━━━━━ GIVEN DATA

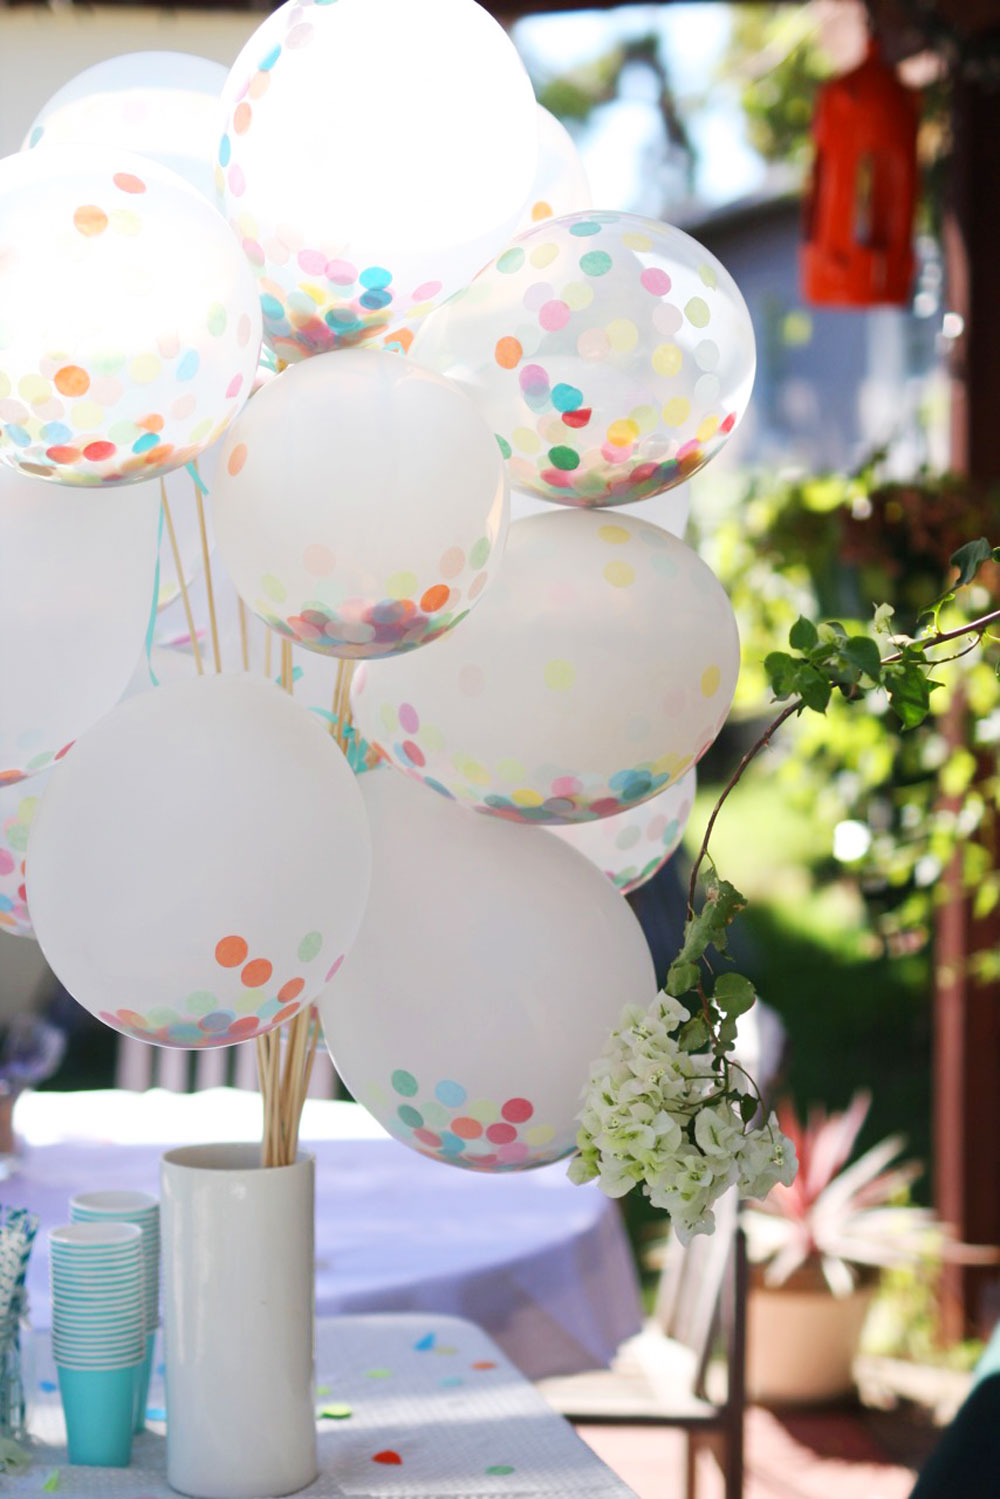 jestcafe.com-balloon-confetti1
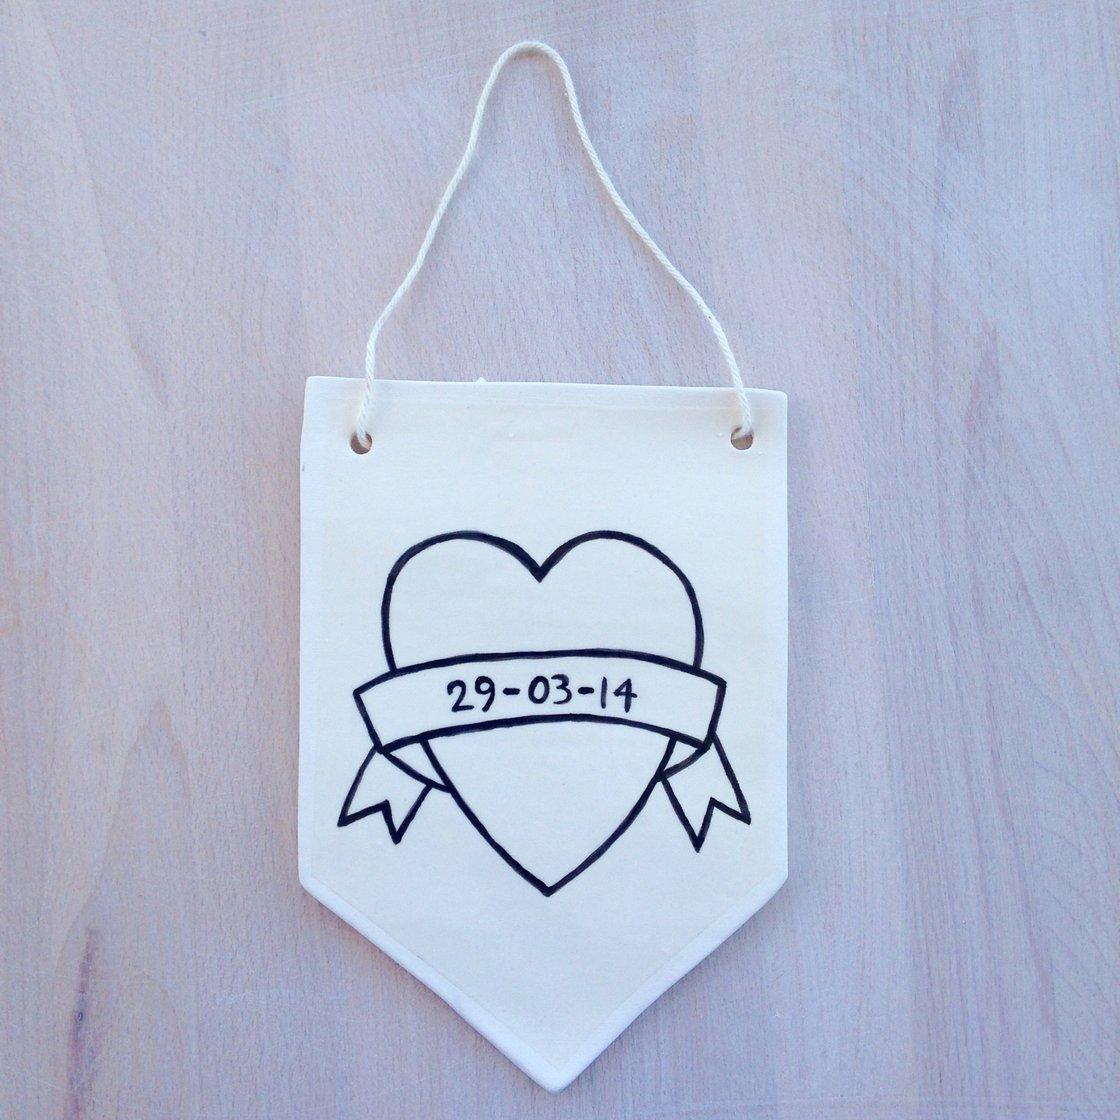 Image of Custom Heart Wall Hanging
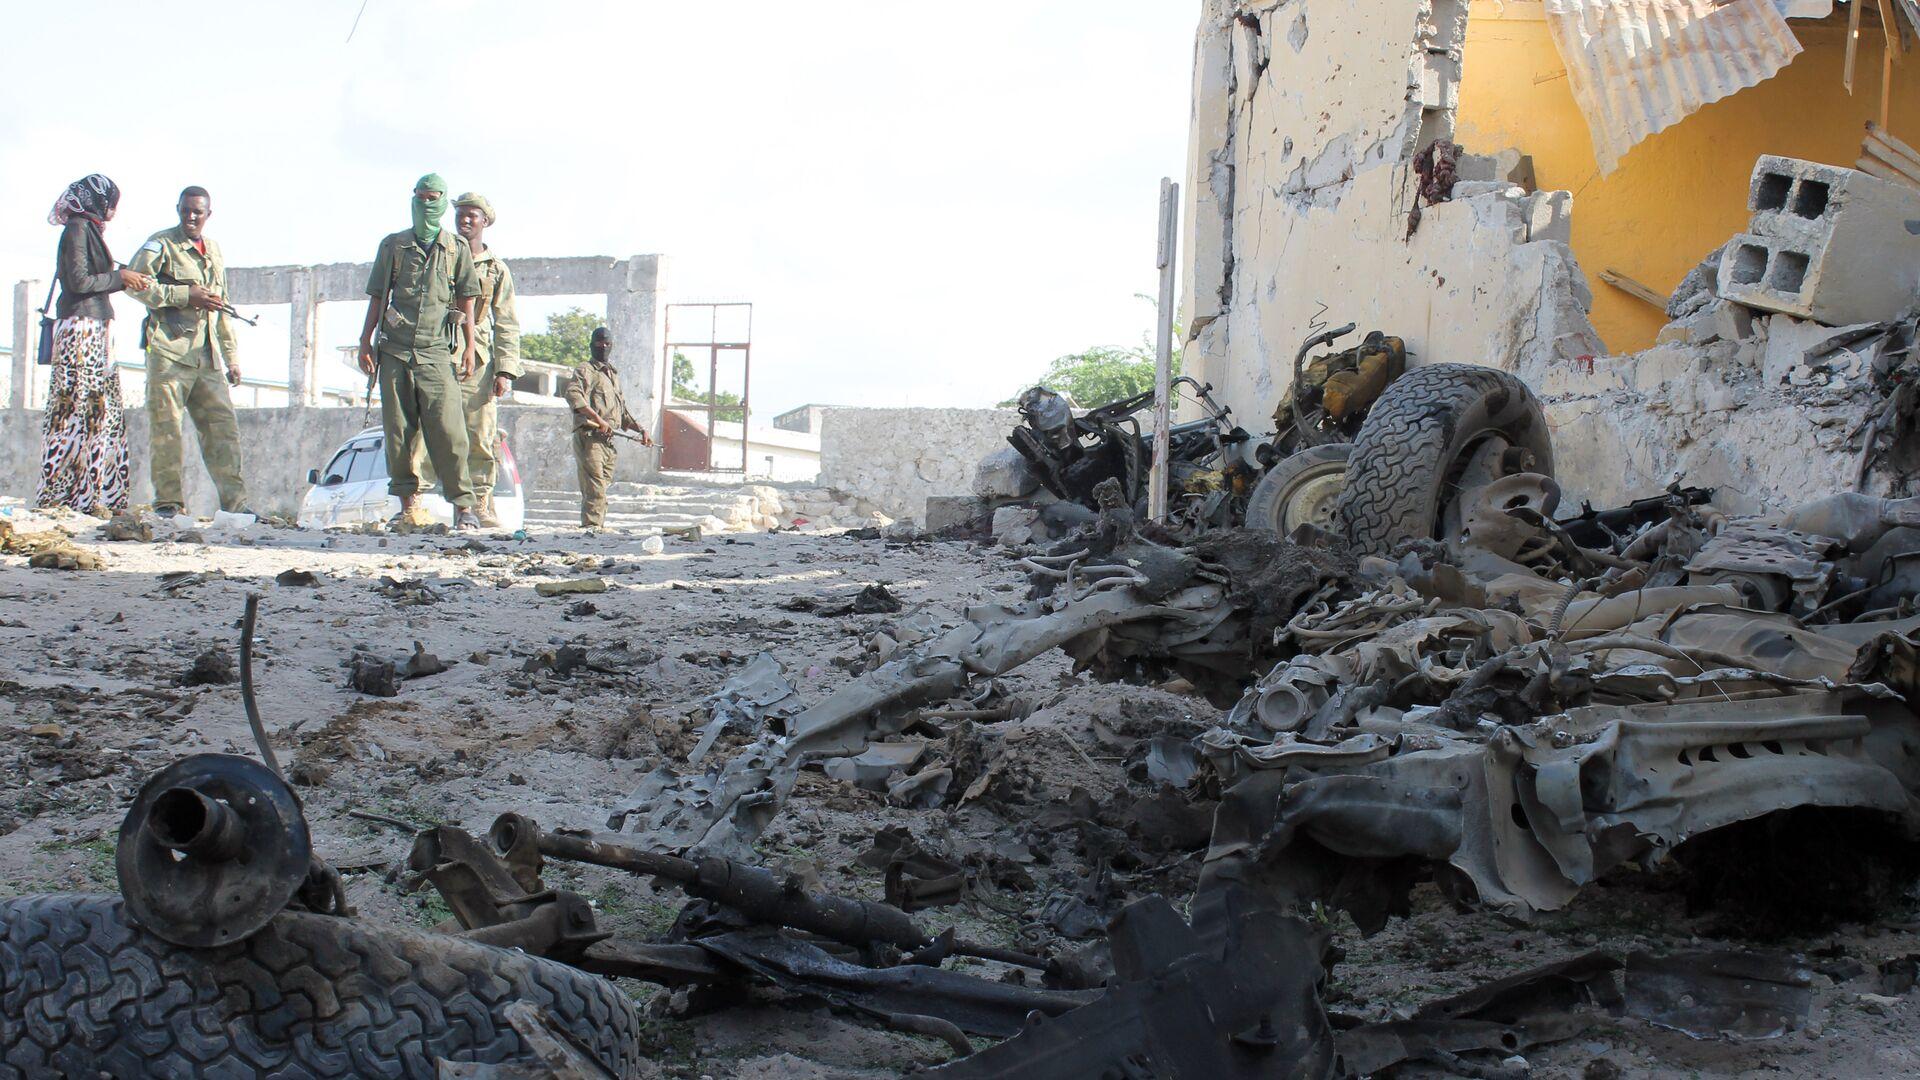 Miliziani di Al-Shabaab in Somalia - Sputnik Italia, 1920, 22.08.2021

━━━━━━━━━━

## REQUIRED WORK:
The pictures in the data should be omitted, and every remaining line set down exactly.

## FINISHED EXERCISE:
 jestcafe.com-balloon-confetti1
 Image of Custom Heart Wall Hanging
 Miliziani di Al-Shabaab in Somalia - Sputnik Italia, 1920, 22.08.2021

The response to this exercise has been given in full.